How is NumPy linear algebra used in data science applications?

Linear algebra underpins almost all of machine learning — from computing gradients to PCA to solving systems of equations. NumPy's linalg submodule provides production-grade implementations of the core operations.

import numpy as np

# --- Solving a system of linear equations: Ax = b ---
# 2x + y = 8
# x + 3y = 11
A = np.array([[2, 1], [1, 3]])
b = np.array([8, 11])
x = np.linalg.solve(A, b)
print(x)   # [2.6  2.8]  — verify: A @ x ≈ b

# --- Matrix decompositions ---
M = np.array([[3, 1], [1, 3]], dtype=float)
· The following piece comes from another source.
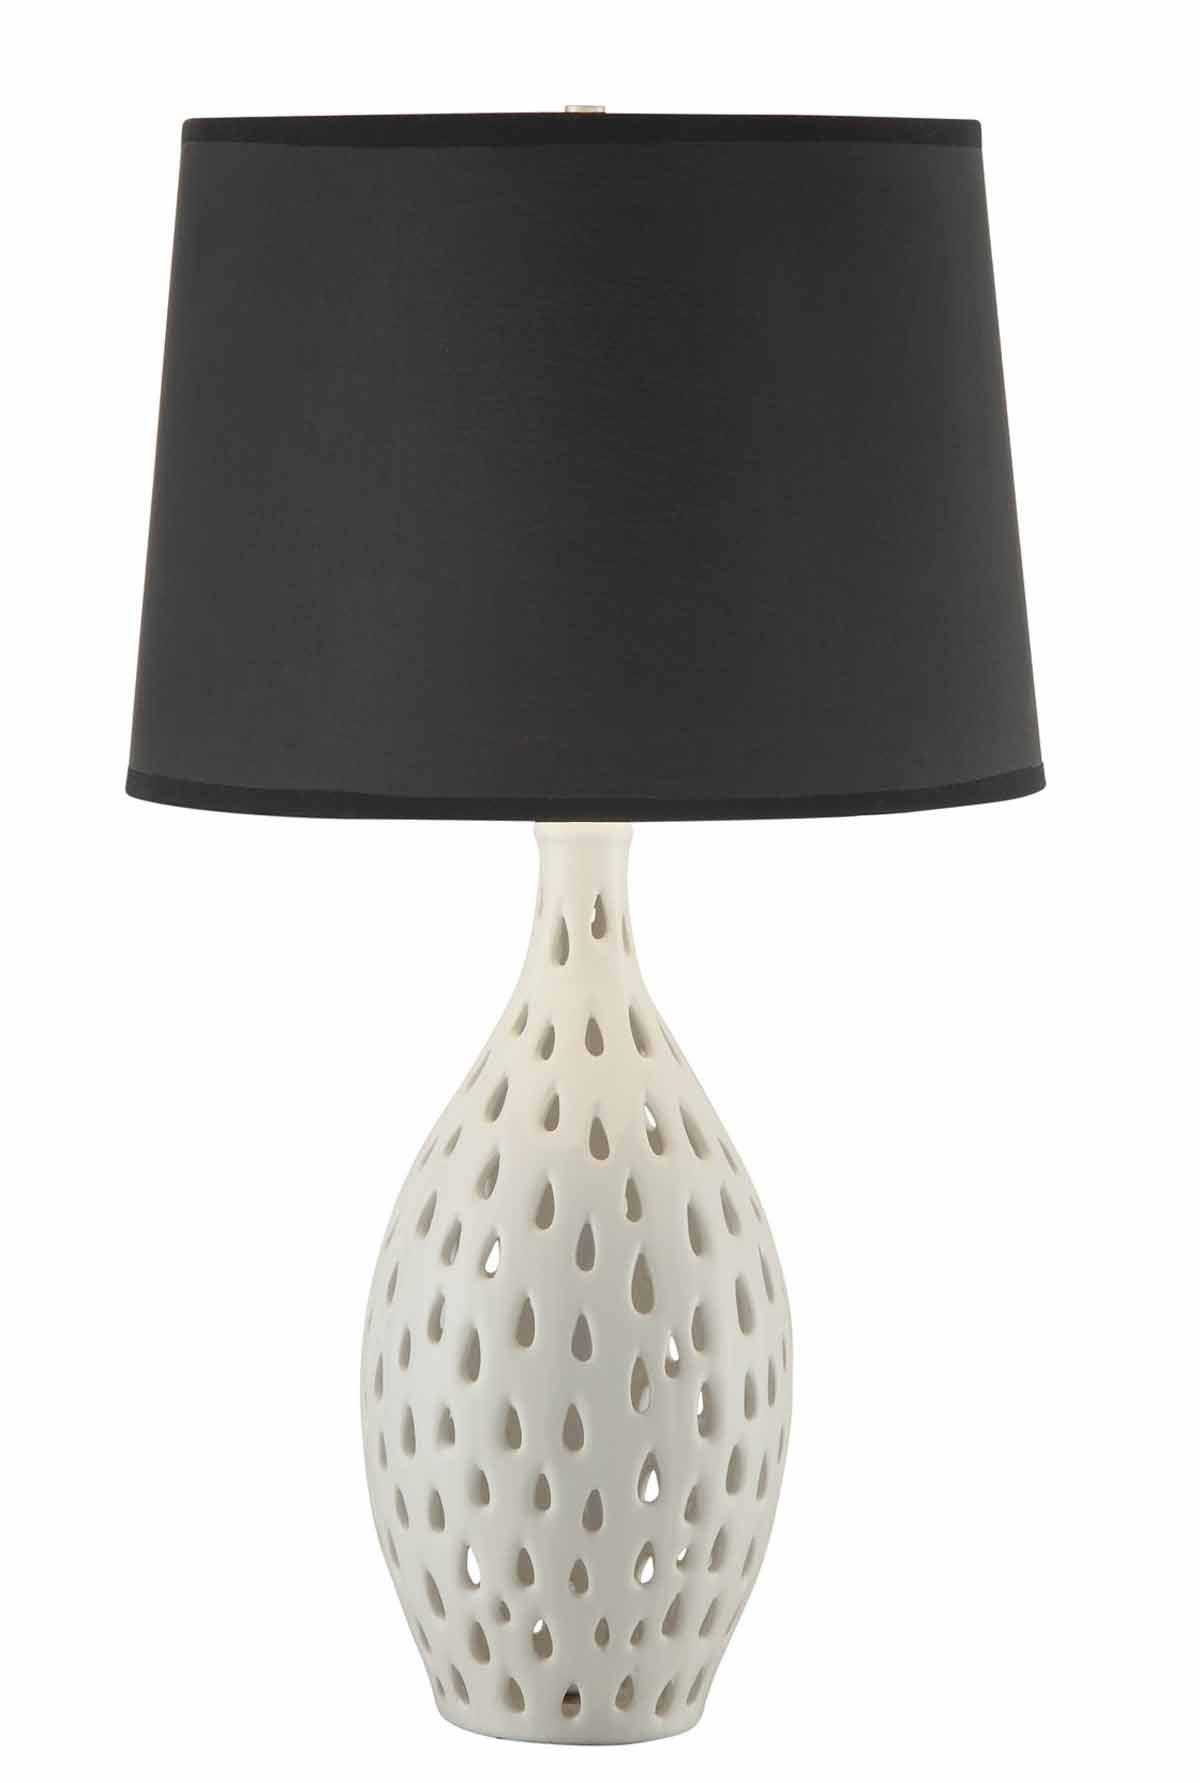 Coaster 901546 Table Lamp - White

# Eigenvalue decomposition
eigenvalues, eigenvectors = np.linalg.eig(M)
# eigenvalues = [4. 2.], eigenvectors (columns) = principal directions

# Singular Value Decomposition — used in PCA, recommendation systems
X = np.random.default_rng(42).random((100, 5))   # 100 samples, 5 features
X -= X.mean(axis=0)                               # centre
U, S, Vt = np.linalg.svd(X, full_matrices=False)
# S = singular values (square roots of eigenvalues of X^T X)
# Vt rows = principal components
# Project onto first 2 components:
X_pca = X @ Vt[:2].T    # shape (100, 2)

# --- Norms ---
v = np.array([3.0, 4.0])
np.linalg.norm(v)        # 5.0 — L2 norm
np.linalg.norm(v, ord=1) # 7.0 — L1 norm

# --- Matrix rank, determinant, inverse ---
np.linalg.matrix_rank(A)
np.linalg.det(A)
np.linalg.inv(A)   # only for square non-singular matrices
np.linalg.pinv(A)  # Moore-Penrose pseudoinverse for non-square

SVD is the engine behind PCA: the right singular vectors (rows of Vt) are the principal components, and the singular values tell you how much variance each component explains. Using full_matrices=False (economy SVD) is essential for tall matrices — it skips computing the large, unused portions of U.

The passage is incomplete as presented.